For this exercise, write out the whole listing below exactly, omitting its images.

** The data follows **

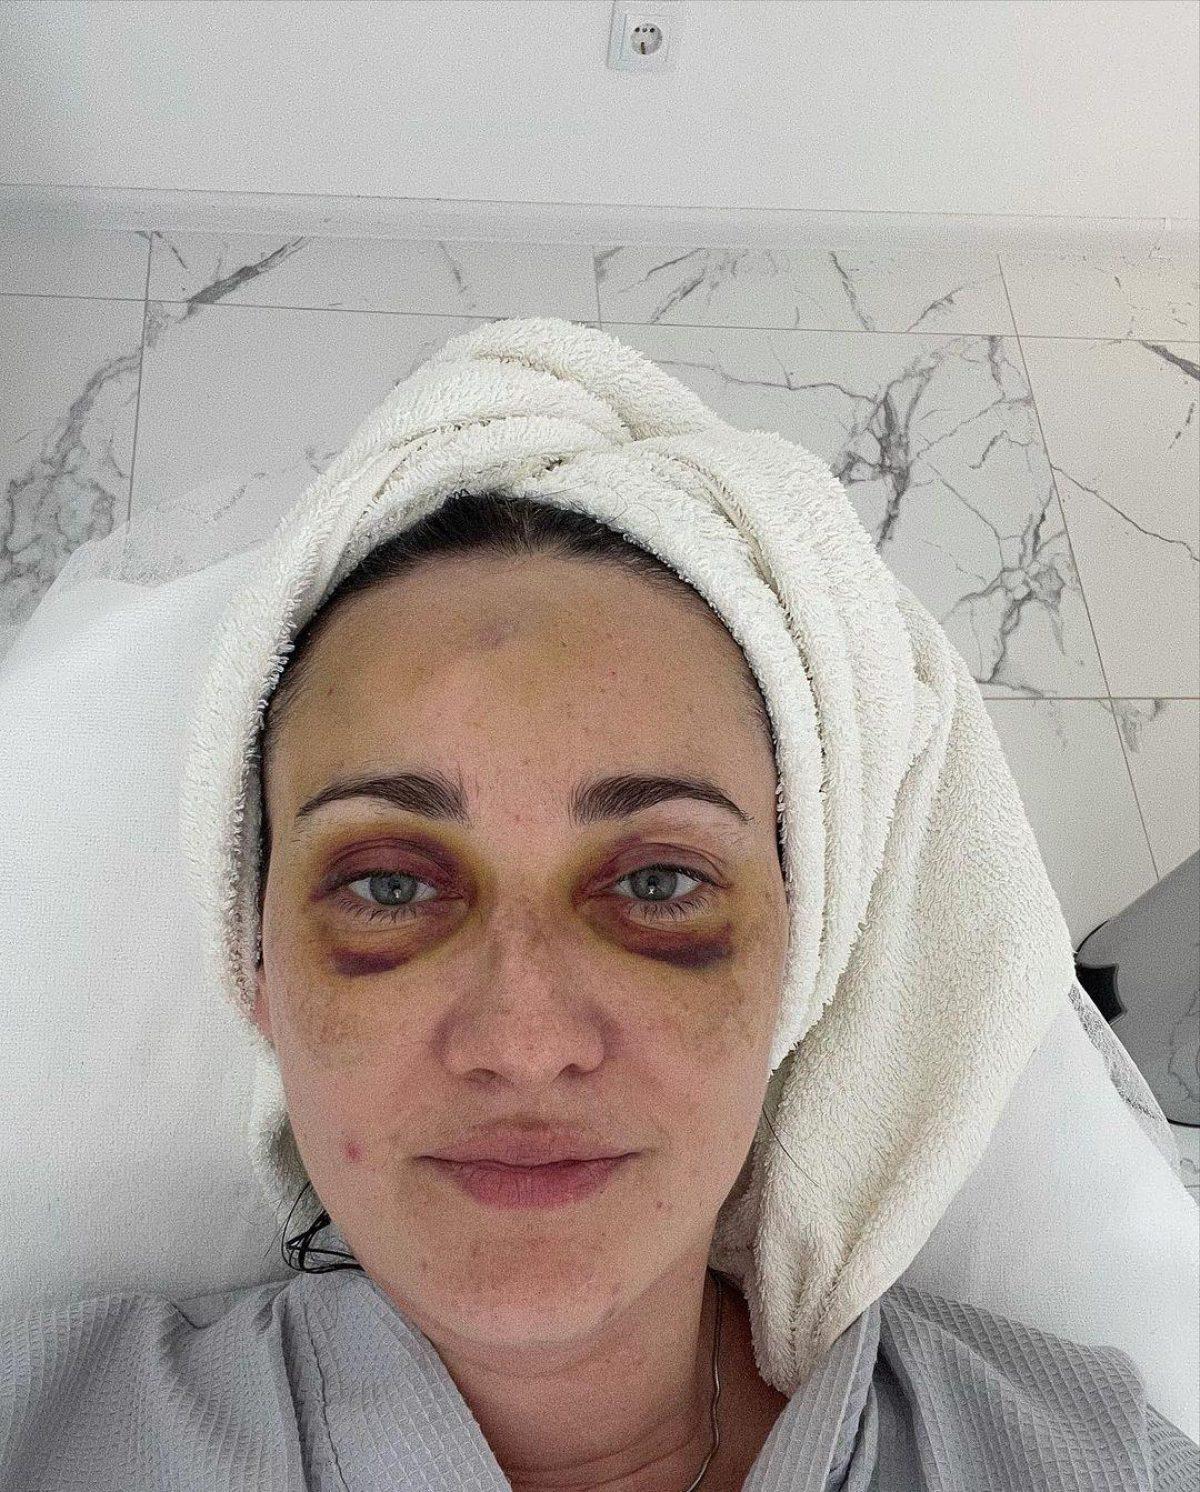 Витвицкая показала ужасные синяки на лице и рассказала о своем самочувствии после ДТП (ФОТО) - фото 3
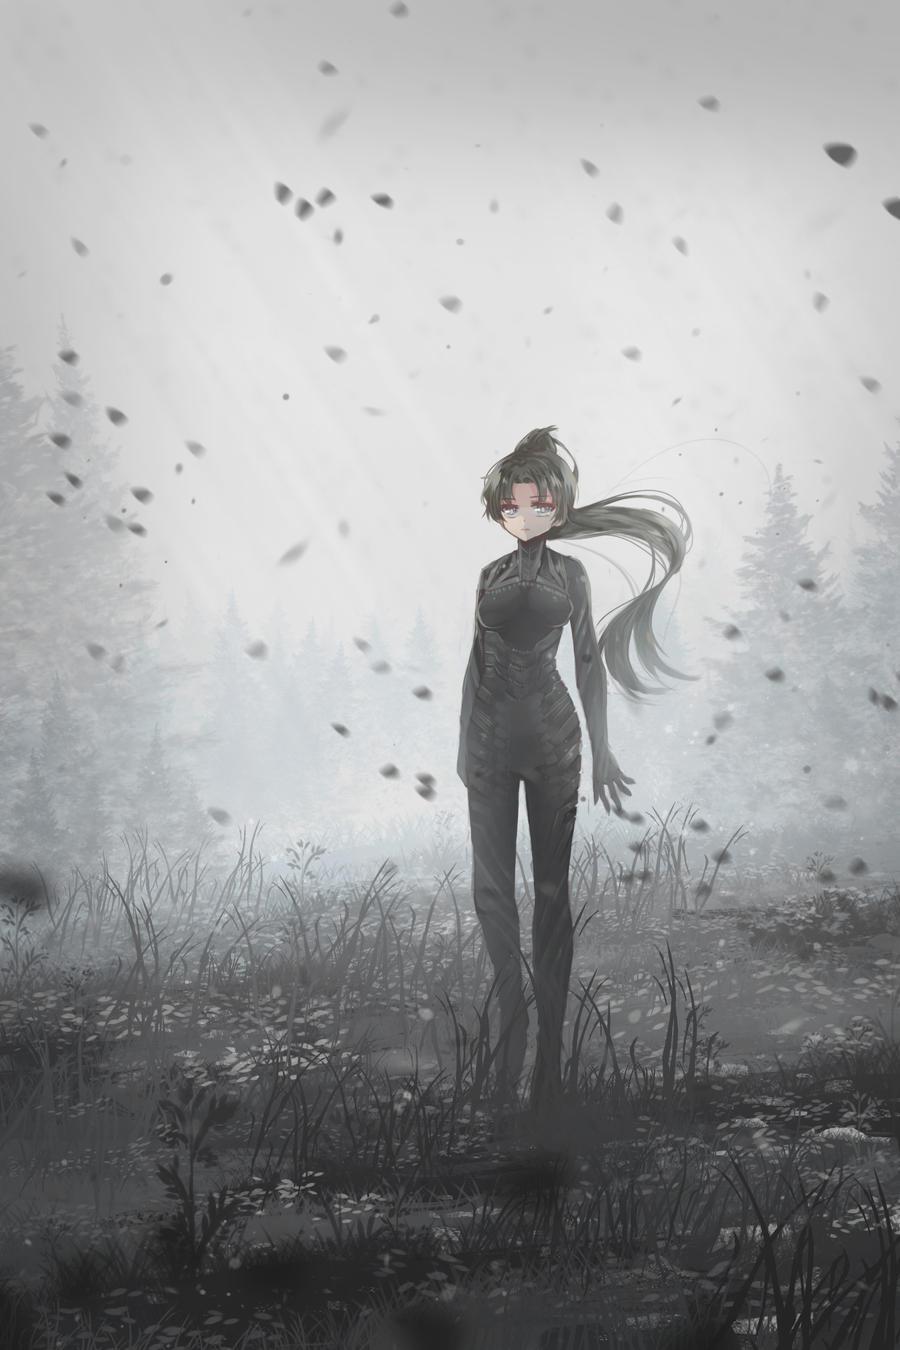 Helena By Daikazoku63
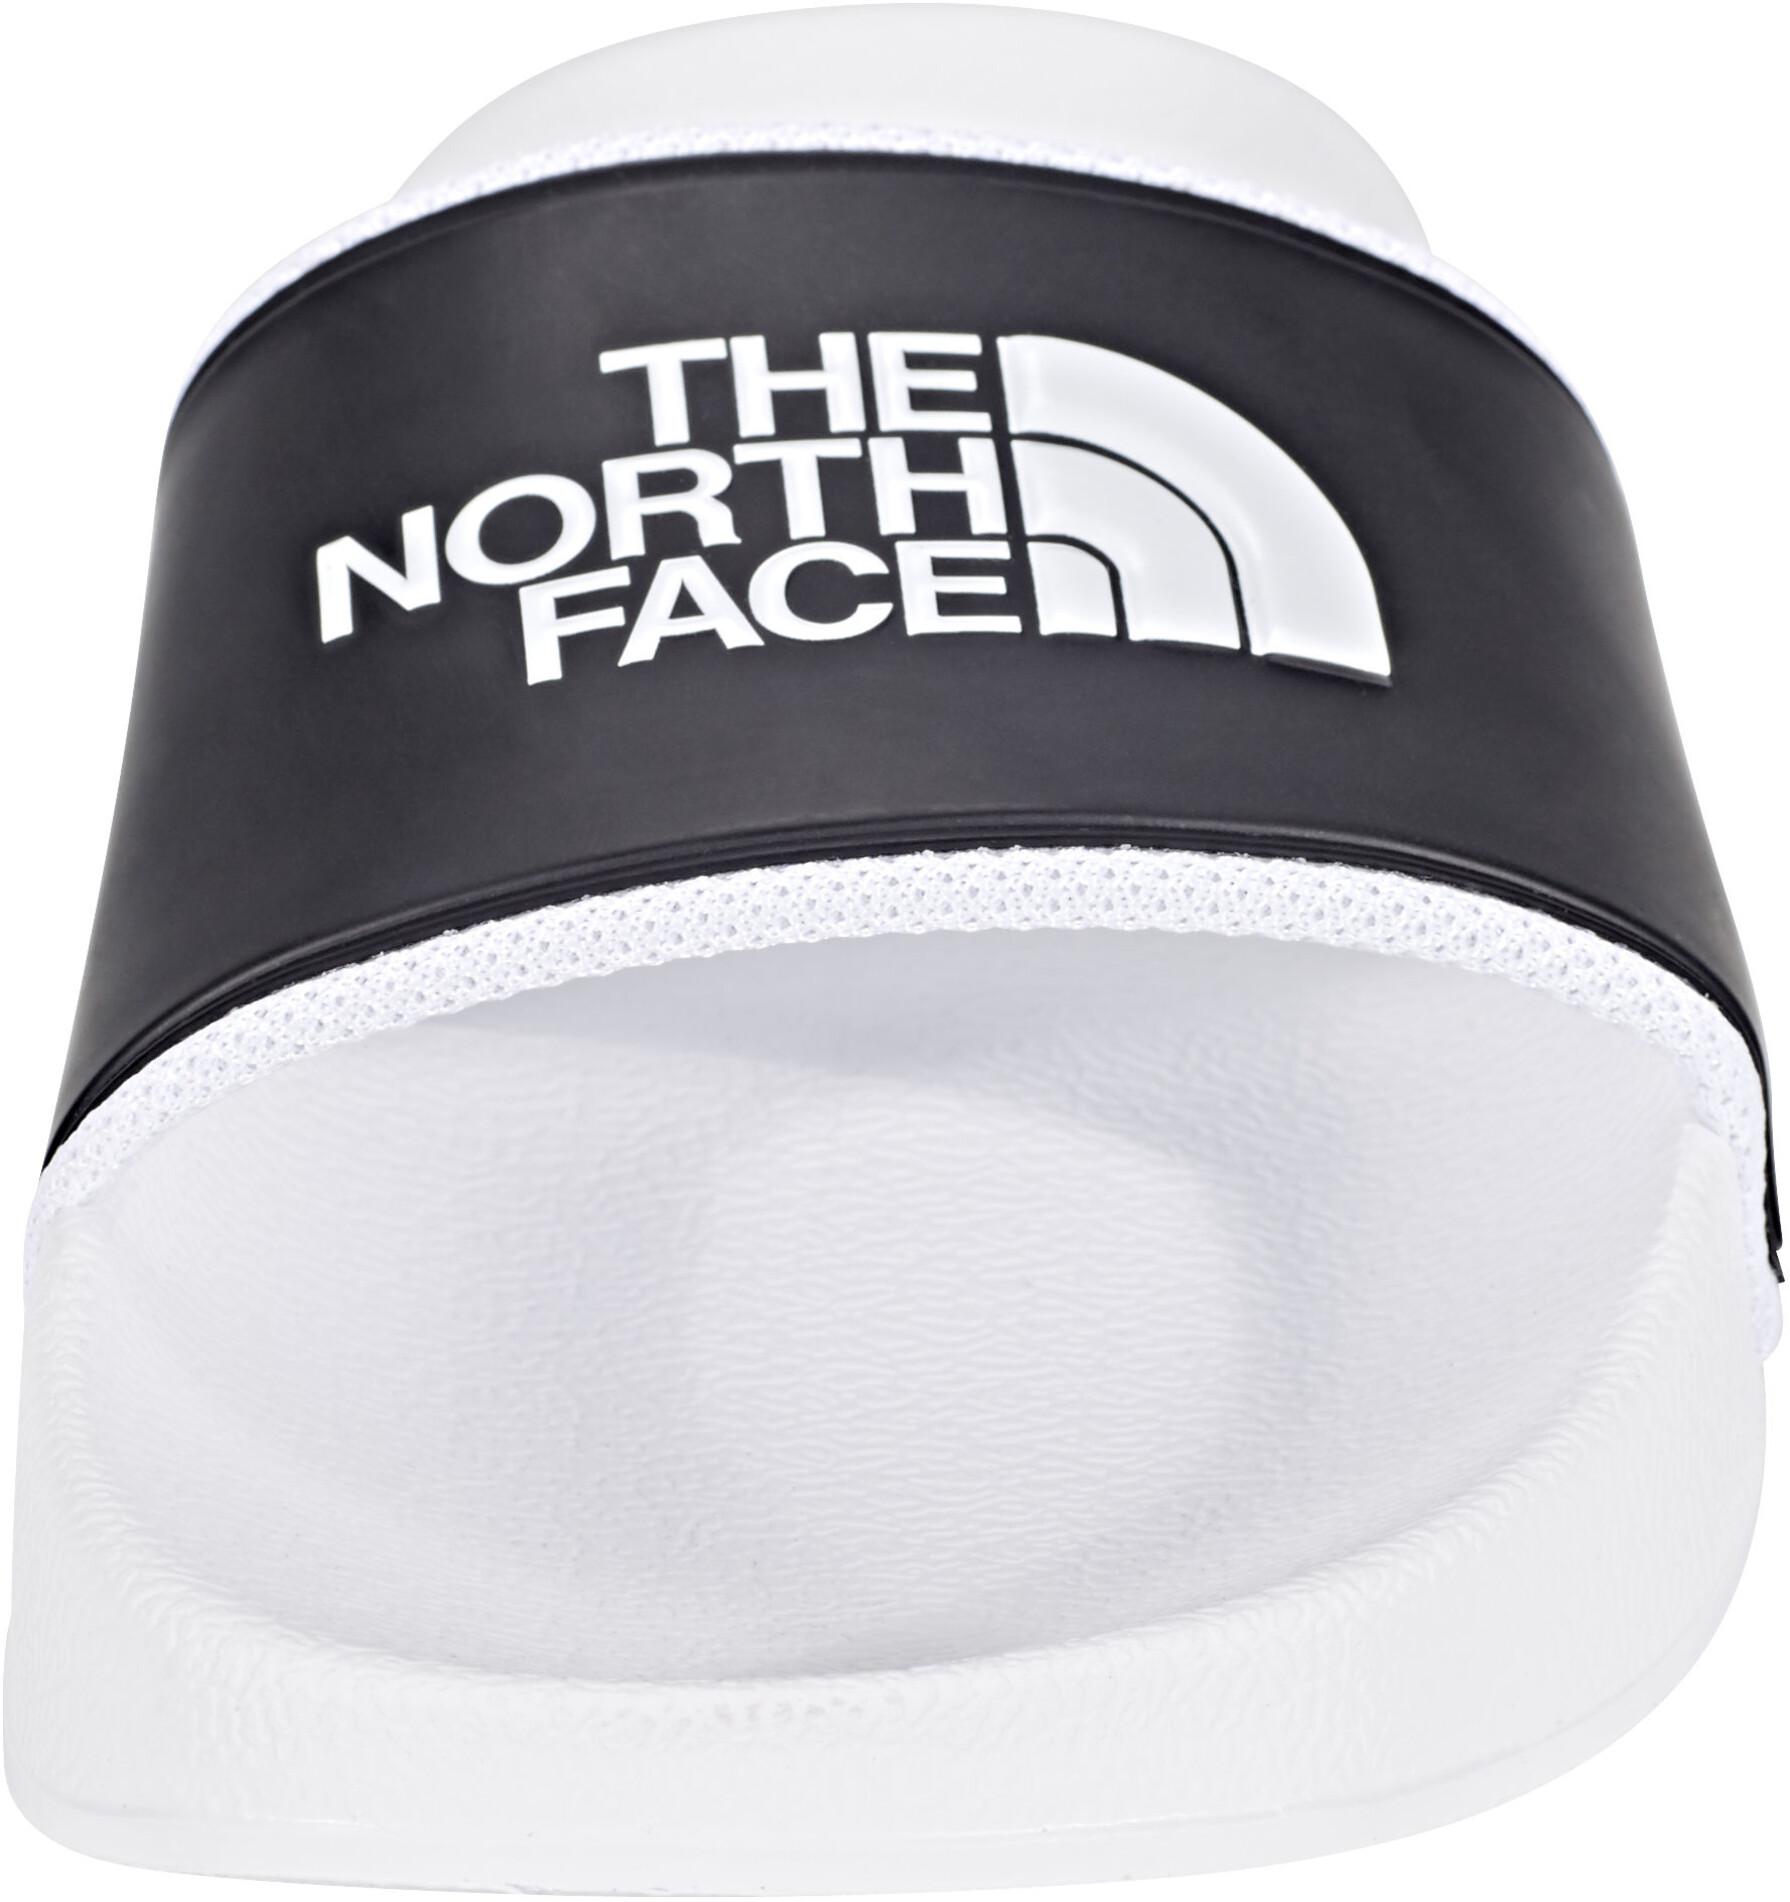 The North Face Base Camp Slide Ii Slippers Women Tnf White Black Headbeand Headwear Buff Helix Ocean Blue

** End of The data **

Task result
 Витвицкая показала ужасные синяки на лице и рассказала о своем самочувствии после ДТП (ФОТО) - фото 3
 Helena By Daikazoku63
 The North Face Base Camp Slide Ii Slippers Women Tnf White Black Headbeand Headwear Buff Helix Ocean Blue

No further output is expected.